A unified business strategy is imminent in the company to maintain its expansion and success. Simons (1995) explains such business strategy formulation using four levers of controlling (figure 1.0) such problems as in the case of Automation Consulting Services.
Renew Strategy with four levers of control
Adapted from: Simons (1995), Control in an age of empowerment
Figure 1.0 explains that such business strategies to renew the processes are to be based on:
1- Core values of the business
2- Risks to be avoided
3- Strategic uncertainties
4- Critical Performance variables
In case we see that renewal of business strategy is to e done based on the risks involved regarding the company’s image, profitability, expansion and business relationships with other offices. On the other hand, we also see that the founding partners are no matter trying to solve problems raised in other geographical offices but they are afraid of giving an expression being an authoritative. The founding partners are trying to establish unified set of rules and regulations under core values of the company which will lead toward the establishment of belief system.
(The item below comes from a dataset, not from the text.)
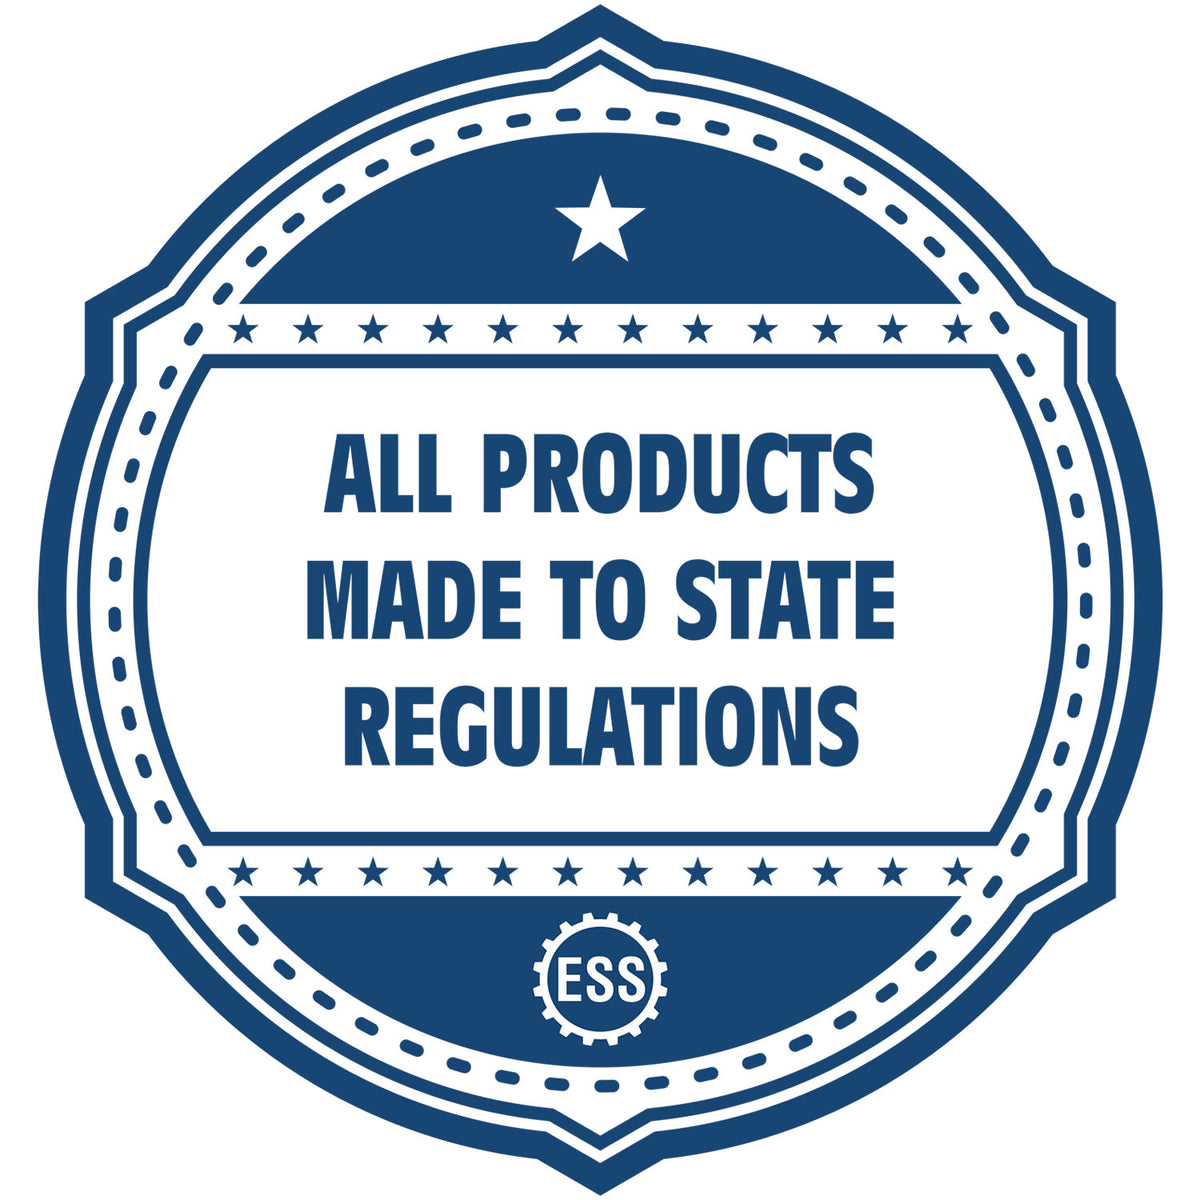 An icon or badge element for the State of Guam Long Reach Architectural Embossing Seal showing that this product is made in compliance with state regulations.

In the example of San Jose’s where a decision was taken despite the fact it was rejected by one of the founding partner clearly indicates that the company lacks in its core values and ethics of abiding by rules and regulations. Critical Performance variables are also looked by the founding partners as in the Philadelphia office there are problems related to expenses and the overall profitability gets at stake. Therefore, proper performance variables are to be worked out and developed in such a manner that it end up with a win-win strategy; both for the decentralized offices and the core office of Automation Consulting Services. In this case, ACS is trying to transform officers into profit centers which seems a noble option to be followed since it will motivate the employees and managing partners to work hard for their own profitability. A profit partnership from the center can also be the key to lock in case, the managing partners do not get agreed the concept of profit centers. Strategic uncertainties are also to be eliminated for the system. Mutual understanding is the requirement of the time being so that an effective business strategy can be formulated. Hence, such a structure would automatically lead to a robust system in the form of belief system; interactive control system in the form of mutual understanding and participating to avoid problems; boundary system in order to avoid risks; and diagnostic system which will help in carrying out such business processes which would be profitable for the viability of the company.